Search code examples
jsonhaskellaeson

Parsing JSON with aeson for a compound data type


I have following data type:

data DocumentOrDirectory = Document DocumentName DocumentContent 
                         | Directory DirectoryName [DocumentOrDirectory]

I came with with following code for toJSON. It works, but needs improvement. It should convert Document and Directory separately, but I don't know how to do it.

instance JSON.ToJSON DocumentOrDirectory where
    toJSON (Document documentName documentContent) = JSON.object
        [ "document" JSON..= JSON.object 
            [ "name" JSON..= (T.pack $ id documentName)
            , "content" JSON..= (T.pack $ id documentContent)
            ]
        ]
    toJSON (Directory dirName dirContent) = JSON.object
        [ "directory" JSON..= JSON.object 
            [ "name" JSON..= (T.pack $ id dirName)
            , "content" JSON..= JSON.toJSON dirContent
            ]
        ]

I need to be able to parse DocumentOrDirectory object from JSON. This is what I came up with (doesn't work):

instance JSON.FromJSON DocumentOrDirectory where
    parseJSON (Object v@(Document documentName documentContent)) = 
        DocumentOrDirectory <$> documentName .: "name"
                            <*> documentContent .: "content"
    parseJSON (Object v@(Directory dirName dirContent) = 
        DocumentOrDirectory <$> dirName .: "name"
                            <*> dirContent .: "content"
    parseJSON _ = mzero

How should I modify existing code to be able to convert data from and to JSON?


Solution

  • Let's approach this problem step-by-step.

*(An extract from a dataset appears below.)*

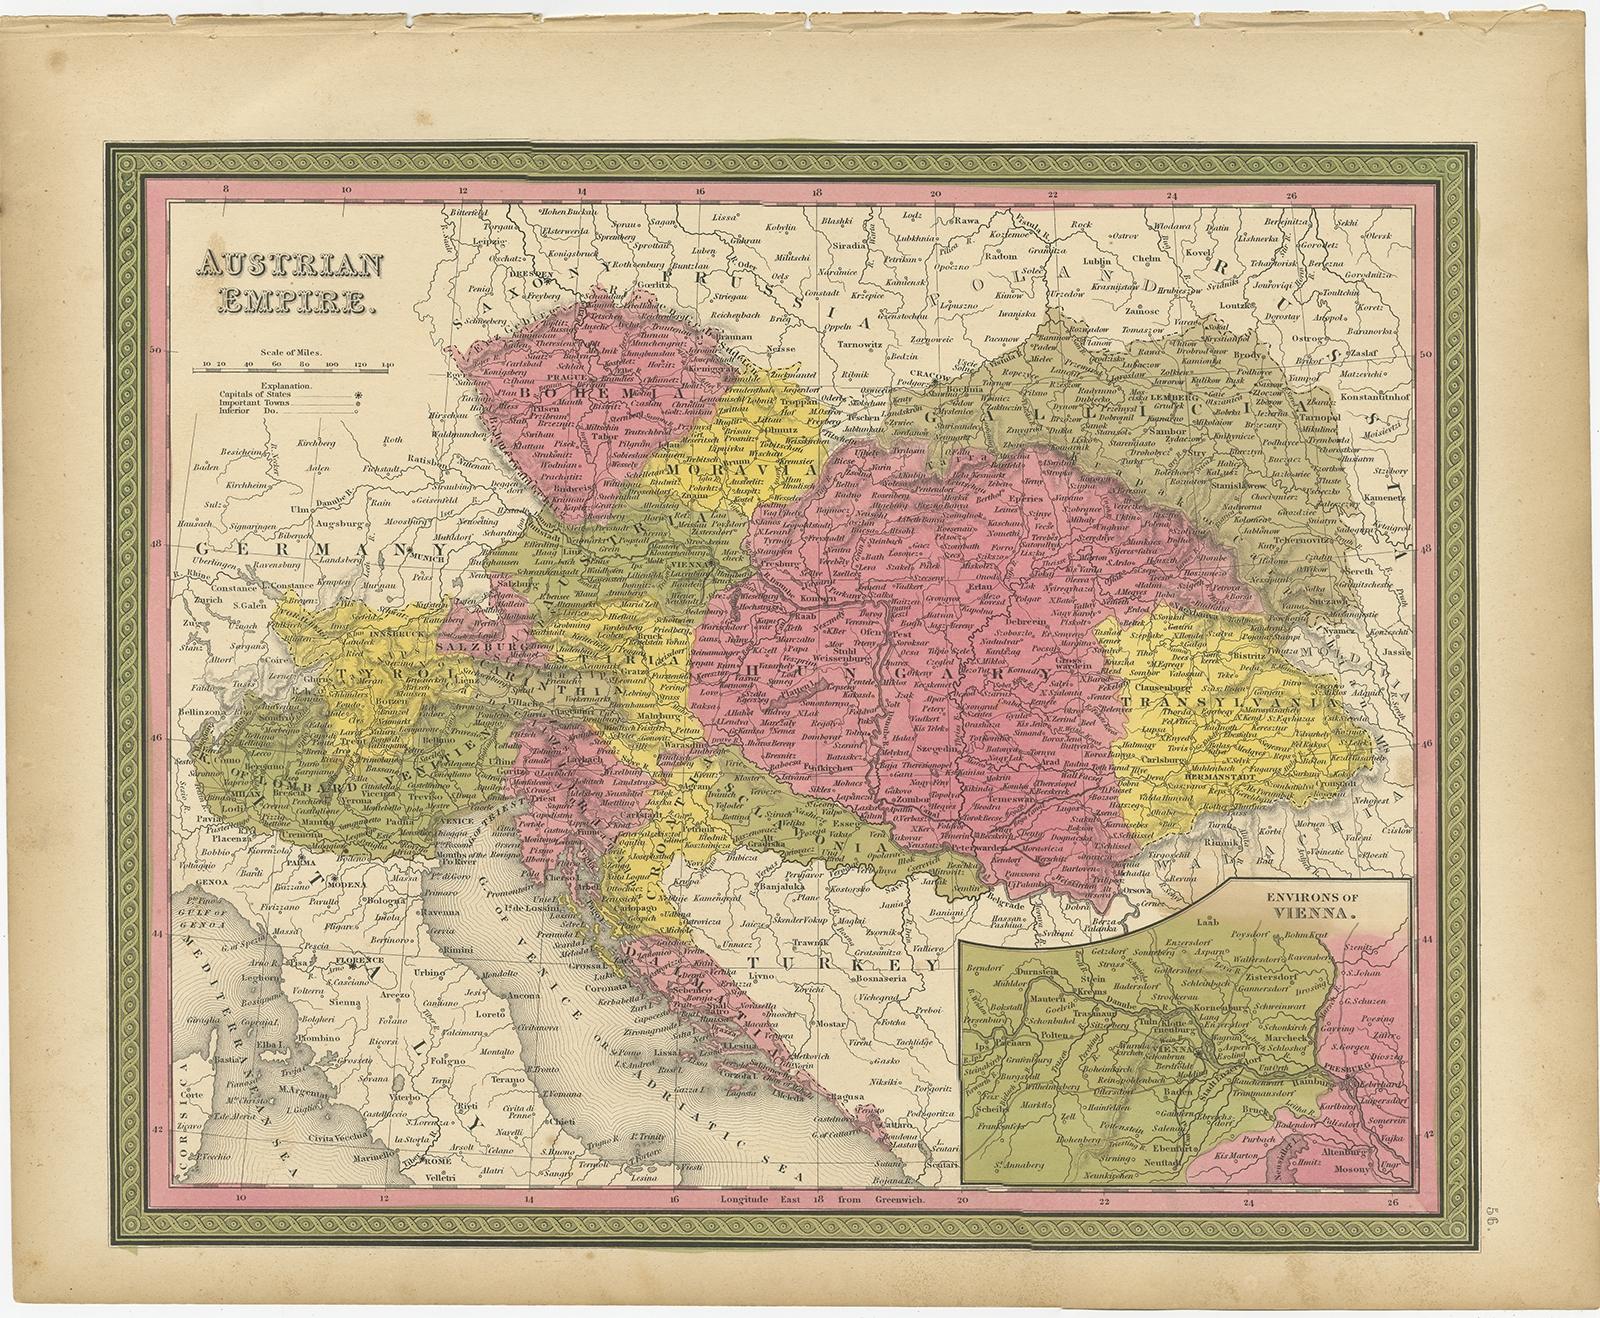 Antique map titled 'Austrian Empire'. 

Old map of the Austrian Empire, with an inset map of Vienna. This map originates from 'A New Universal Atlas Containing Maps of the various Empires, Kingdoms, States and Republics Of The World (..) by S.A.

    First I assume for the sake of the example that names and content are just String:

    type DirectoryName = String
    type DocumentName = String
    type DocumentContent = String
    

    You mention that you want to serialise Document and Directory separately. Maybe you want to work with them separately otherwise too. Let's make them separate types:

    data Document = Document DocumentName DocumentContent deriving Show
    data Directory = Directory DirectoryName [DocumentOrDirectory] deriving Show
    newtype DocumentOrDirectory = DocumentOrDirectory (Either Document Directory) deriving Show
    

    Now the DocumentOrDirectory is a type alias or Either Document Directory. We used newtype, because we want to write own instance for it. Default Either instance won't work for us.

    And let define few helper functions:

    liftDocument :: Document -> DocumentOrDirectory
    liftDocument = DocumentOrDirectory . Left
    
    liftDirectory :: Directory -> DocumentOrDirectory
    liftDirectory = DocumentOrDirectory . Right
    

    With this definitions we can write separate ToJSON instances:

    instance ToJSON Document where
      toJSON (Document name content) = object [ "document" .= object [
        "name"    .= name,
        "content" .= content ]]
    
    instance ToJSON Directory where
      toJSON (Directory name content) = object [ "directory" .= object [
        "name"    .= name,
        "content" .= content ]]
    
    instance ToJSON DocumentOrDirectory where
      toJSON (DocumentOrDirectory (Left d))  = toJSON d
      toJSON (DocumentOrDirectory (Right d)) = toJSON d
    

    We should check how Document and Directory are serialised (I prettifyied the JSON output):

    *Main> let document = Document "docname" "lorem"
    *Main> B.putStr (encode document)
    
    {
      "document": {
        "content": "lorem",
        "name": "docname"
      }
    }
    
    *Main> let directory = Directory "dirname" [Left document, Left document]
    *Main> B.putStr (encode directory) >> putChar '\n'
    
    {
      "directory": {
        "content": [
          {
            "document": {
              "content": "lorem",
              "name": "docname"
            }
          },
          {
            "document": {
              "content": "lorem",
              "name": "docname"
            }
          }
        ],
        "name": "directory"
      }
    }
    

    The B.putStr (encode $ liftDirectory directory) will result the same!

    The next step is to write decoders, FromJSON instances. We see that the key (directory or document) shows whether the underlying data is Directory or Document. Thus the JSON format is non-overlapping (unambigious) so we can just try to parse Document and then Directory.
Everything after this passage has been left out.